Yes, we are thinking about those of you down there in this mess. Y'all stay as safe as you can.


----------



## Heathern (Oct 10, 2018)

I wish for the best for them too.  My mom got out of there just in time, or even better yet - about a week early.  By coincidence only, though.


----------



## welderguy (Oct 10, 2018)

bullethead said:


> And thoughts from Pa for any and all of you that may be affected by this storm.



Thanks!!...you ol softy you.


----------



## bullethead (Oct 10, 2018)

welderguy said:


> Thanks!!...you ol softy you.


I am selfish,if you get wiped out..who will I argue with?


----------



## WaltL1 (Oct 11, 2018)

I fished Apalachicola Bay Thurs - Sunday. Got out of there just in time.


----------



## ambush80 (Oct 11, 2018)

WaltL1 said:


> I fished Apalachicola Bay Thurs - Sunday. Got out of there just in time.


How did you do?


----------



## 1gr8bldr (Oct 11, 2018)

Power just came back on here in NC. One crushed vehicle under a tree. Luckily the least of the force, the one I recently canceled insurance on


----------



## WaltL1 (Oct 11, 2018)

ambush80 said:


> How did you do?


Pretty decent. Caught the usual cast of characters - reds, trout, flounder and of course catfish, rays etc.

Fished with this Capt.  He was good. Would charter him again.
http://www.captjacksguideservice.com/
Also fished the flats in our yaks.


----------



## Spotlite (Oct 11, 2018)

WaltL1 said:


> Pretty decent. Caught the usual cast of characters - reds, trout, flounder and of course catfish, rays etc.
> 
> Fished with this Capt.  He was good. Would charter him again.
> http://www.captjacksguideservice.com/
> Also fished the flats in our yaks.


Next time you catch some rays.........fillet the wings, cut into nuggets and you have poor man scallops. They’re good eating!


----------



## WaltL1 (Oct 11, 2018)

Spotlite said:


> Next time you catch some rays.........fillet the wings, cut into nuggets and you have poor man scallops. They’re good eating!

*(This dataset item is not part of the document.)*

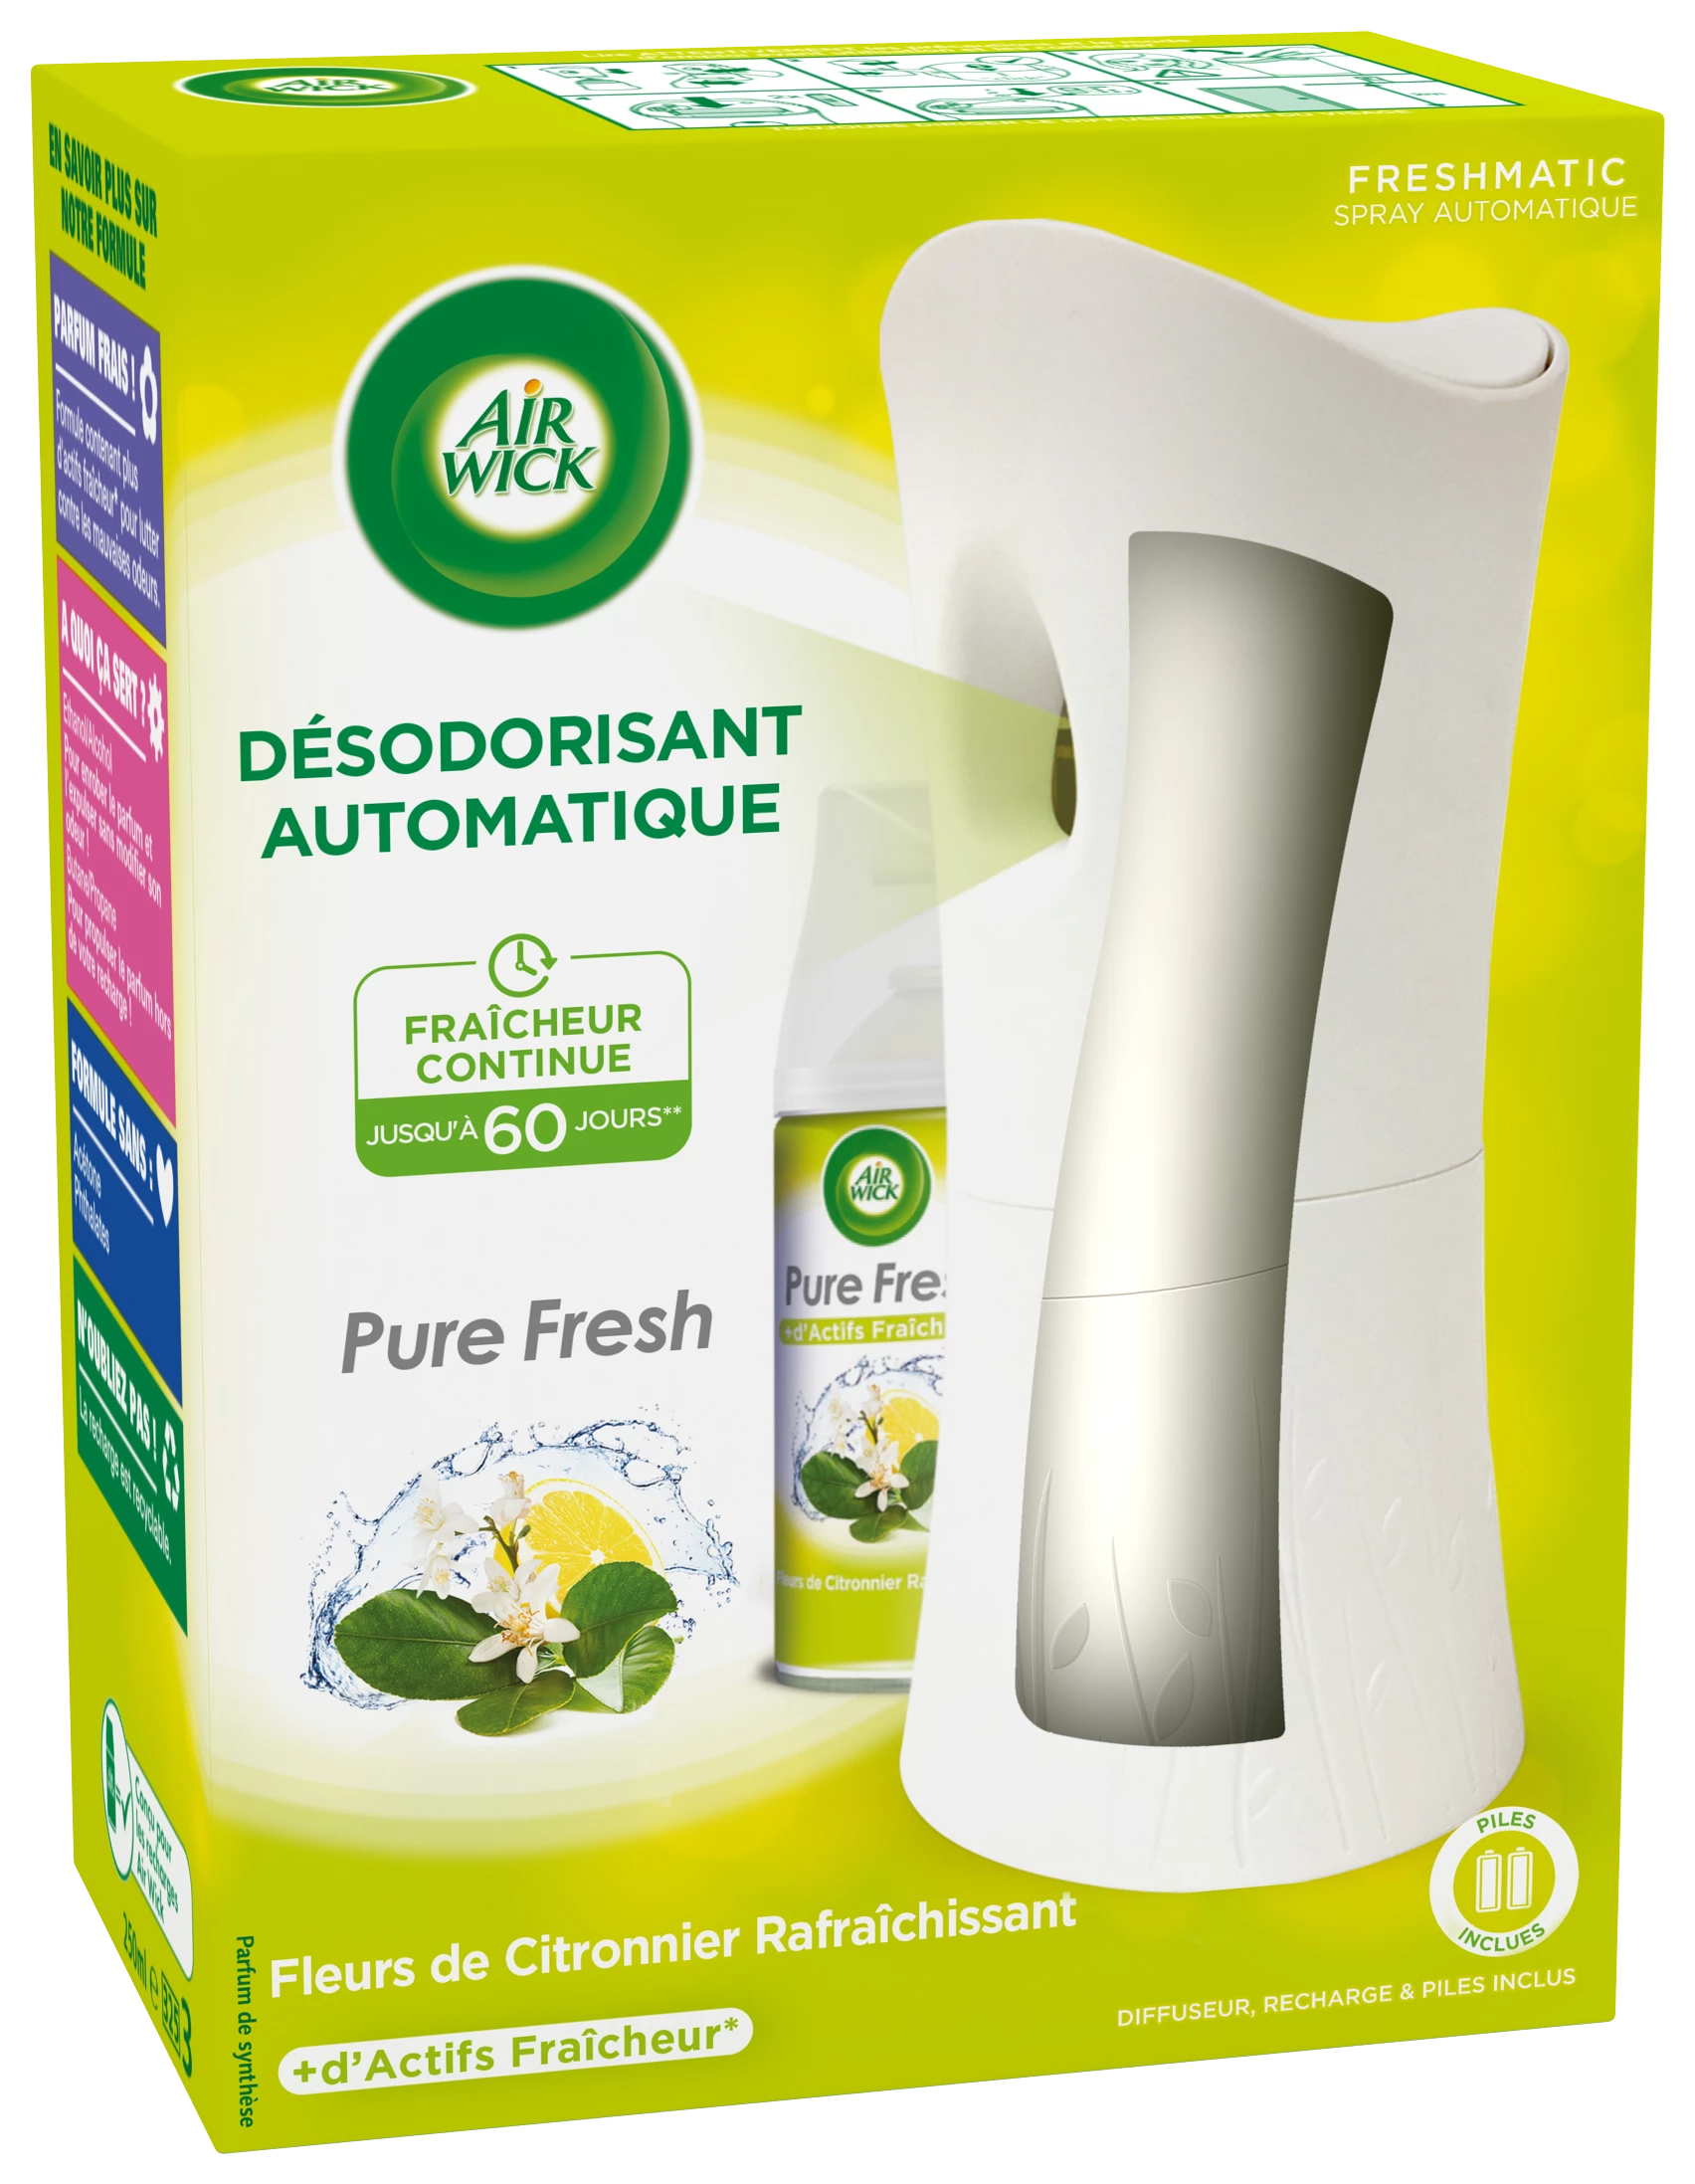 Deodorante per ambienti Freshmatic Pure Lemon - AIR WICK

I have heard that from some of the 'ol timers but I haven't tried it. That's exactly what they called them too - scallops.


----------



## WaltL1 (Oct 11, 2018)

660griz said:


> My daughter lives in Ft. Walton Beach. She hasn't lost power yet. Friend of mine at work 'had' a house in Port St. Joe.


Everything cool with your daughter?


----------



## 660griz (Oct 12, 2018)

WaltL1 said:


> Everything cool with your daughter?


Yep. Seemed like a non-event for them. Thanks.


----------



## bullethead (Oct 12, 2018)

So, is everyone doing ok?
(Except 1gr8's vehicle)


----------



## welderguy (Oct 12, 2018)

All good here.


----------